Lab | Reading About Statistic Concepts

Introduction

In the future, you will need to understand deep statistical concepts by reading technical articles. As a training for that, it is interesting to start from here. Also, as we have limited time, this is a way to have some self guided learning to understand everything better and have a wider knowledge.

This week you will find some questions here that you will need to answer by documentating yourself. So you will do a different PR for each question (you are meant to answer the questions in different days). Don't hesitate to write as many text as you need and push images if you need them.

Remember for this lab: there is a right answer. But there is no perfect way to explain it (except for in a mathematical way, but this is another story).

Challenges

Challenge 1: What is the difference between expected value and mean?

You know both concepts but, is there a difference? Are they synonims? Start investigating.

As a good reference (once you have looked for some information) you have this article.

Challenge 2: What is the "problem" in science with p-values?

We have told you that a lot of scientifical investigations are based on p-values. The last week, Nature magazine published an article regarding the problem. Start digging on it!

Don't hesitate to use more articles if you want to :)

Challenge 3: Applying testing to a specific case: A/B testing.

A/B testing is a widely used tool to understand differences between two samples. It is a way to measure the impact of something we did:

A marketing campaign.
A new feature in our application.
A new design in our application.
A different flow in the User Experience flow.

To do this, is very important first to design our experiment.

We need to know how we are measuring the impact. If people has the behaviour we want with this new implementation.
We choose a control group (people who doesn't have/see the new change) and the group which will see the new change.
We think about how much data do we need.
We measure the difference between them.

One example: Our application has a lot of mini-games. We want people to reach the games that we think are the best but the behaviour is not the expected, they don't reach them.

So we call a designer and after a lot of work he shows us a new design for our application: we will add a button specific for that kind of games inviting the users to click on it:

Click here to discover cool games!

We think it will work but can we be sure? So instead of implementing this new button for all users, we implement it for 10% and we compare the results with the users that didn't have it. Is there a significant difference? Is our button working?

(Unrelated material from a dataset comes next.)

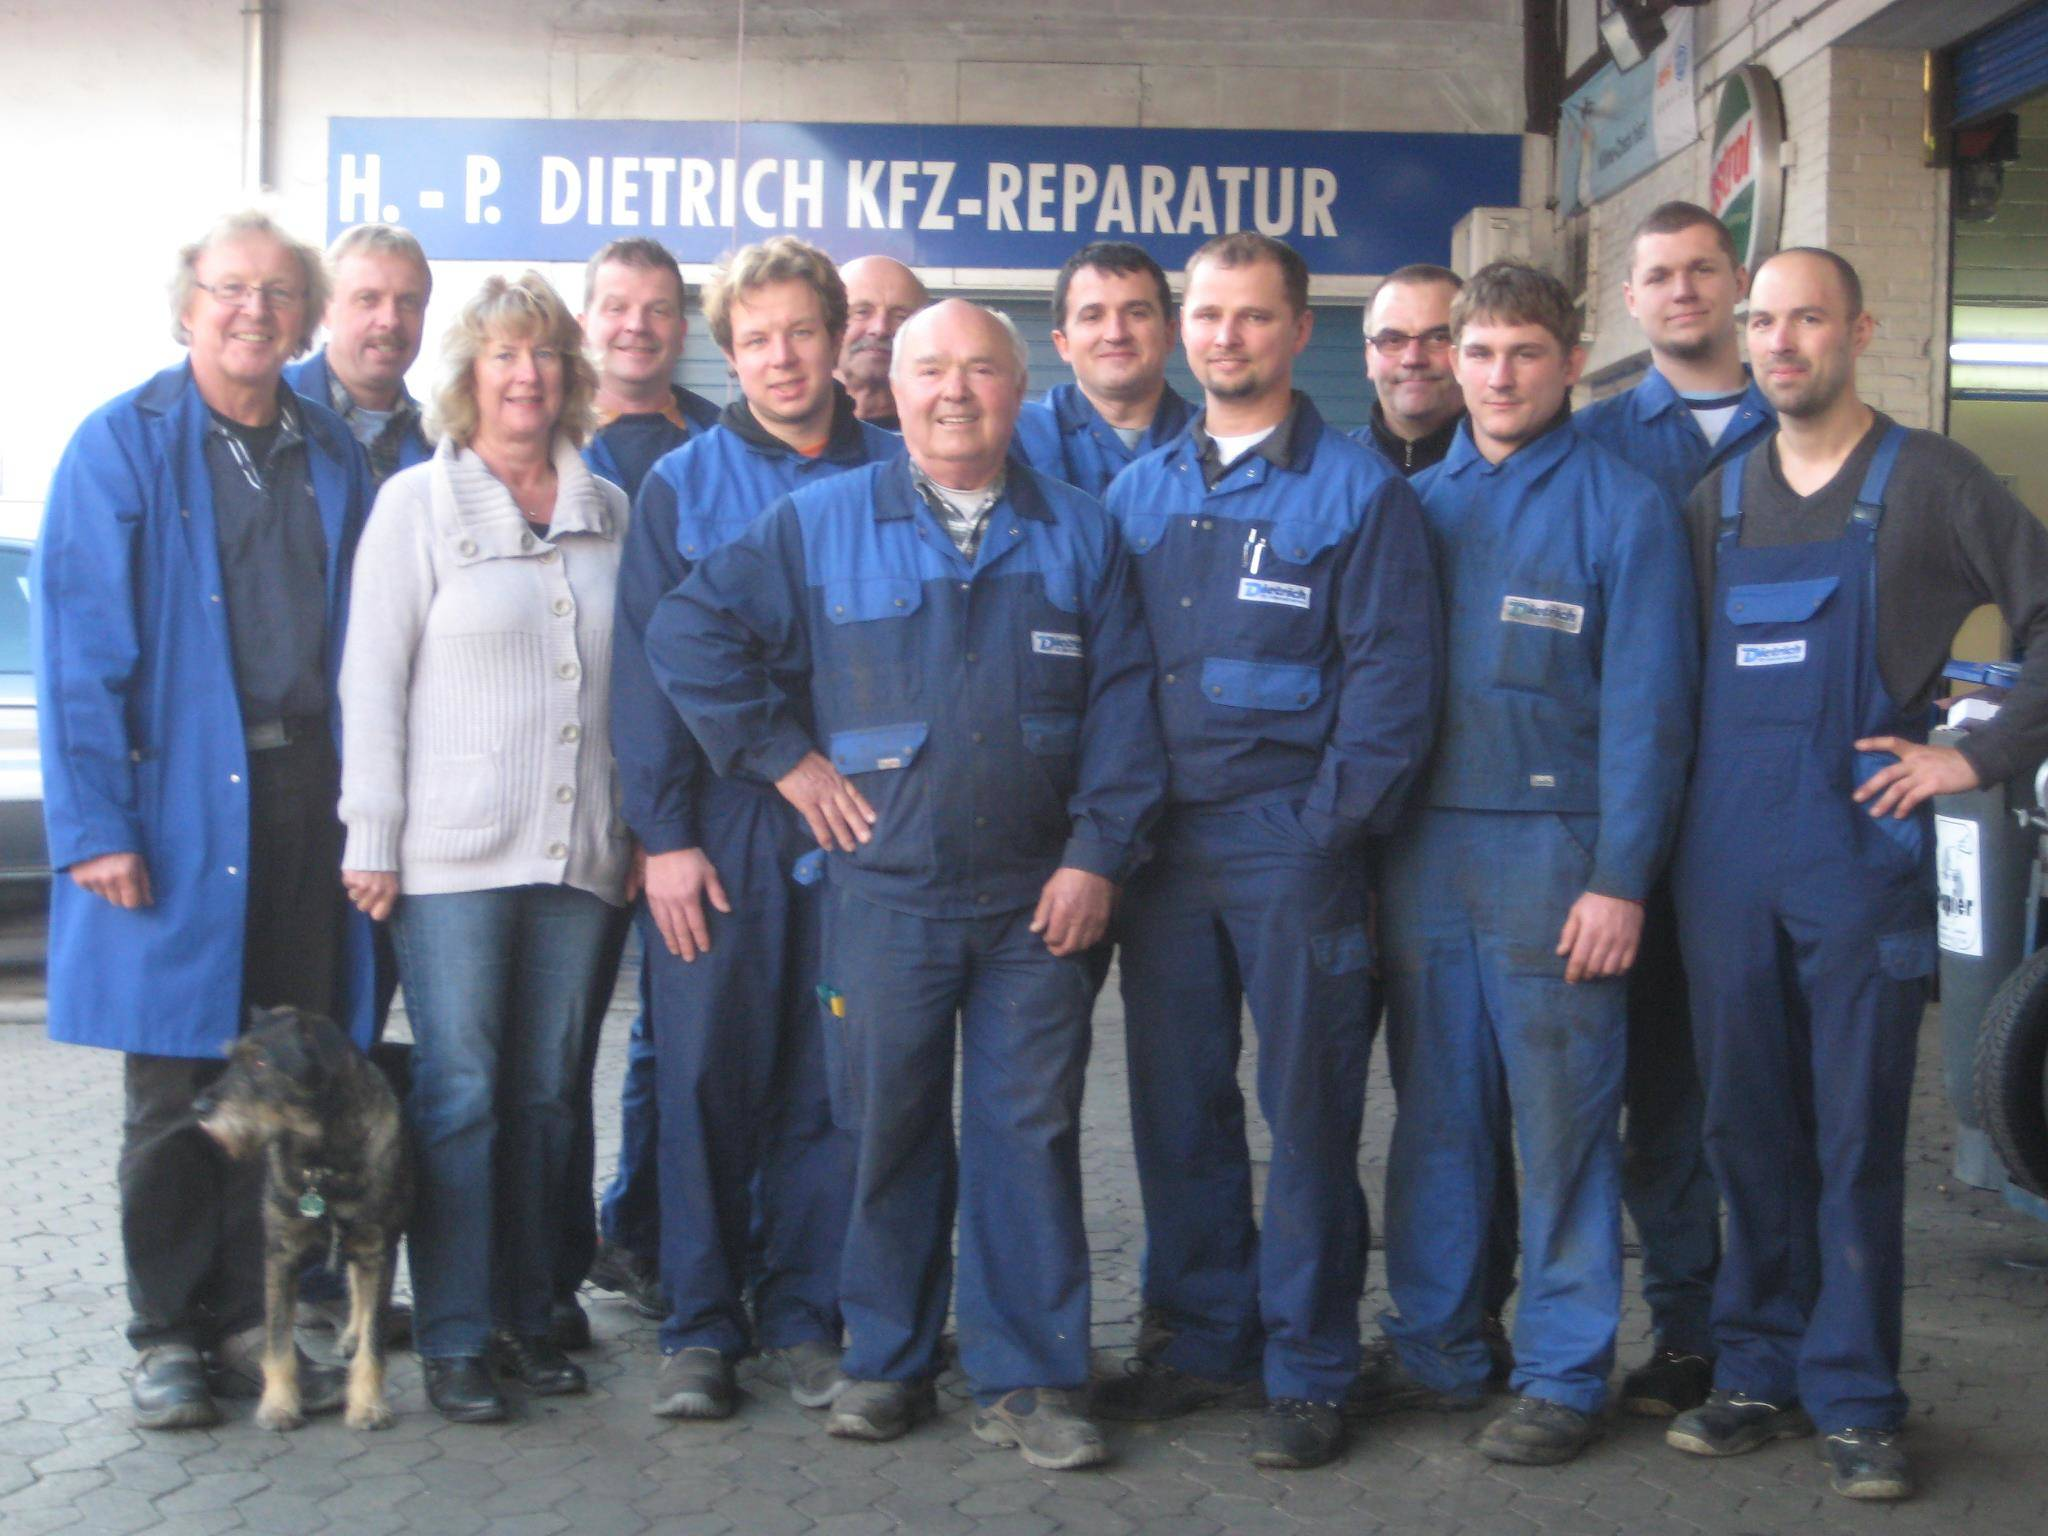 Team Kfz Dietrich

Read more about A/B testing with a couple of examples:

Another example about Netflix here

What happened to Basecamp

An example with Python

A cool general explanation

So, take one single example in the articles you just read, which specific test/s would you apply? (We want you just to do a draft and think a little bit how to apply the tests you already know in this case)

Deliverables

You need to submit a markdown file with the answers to the questions above. You can create a new .md file or directly edit the README.md.

Submission

Upon completion, add your deliverables to git. Then commit git and push your branch to the remote.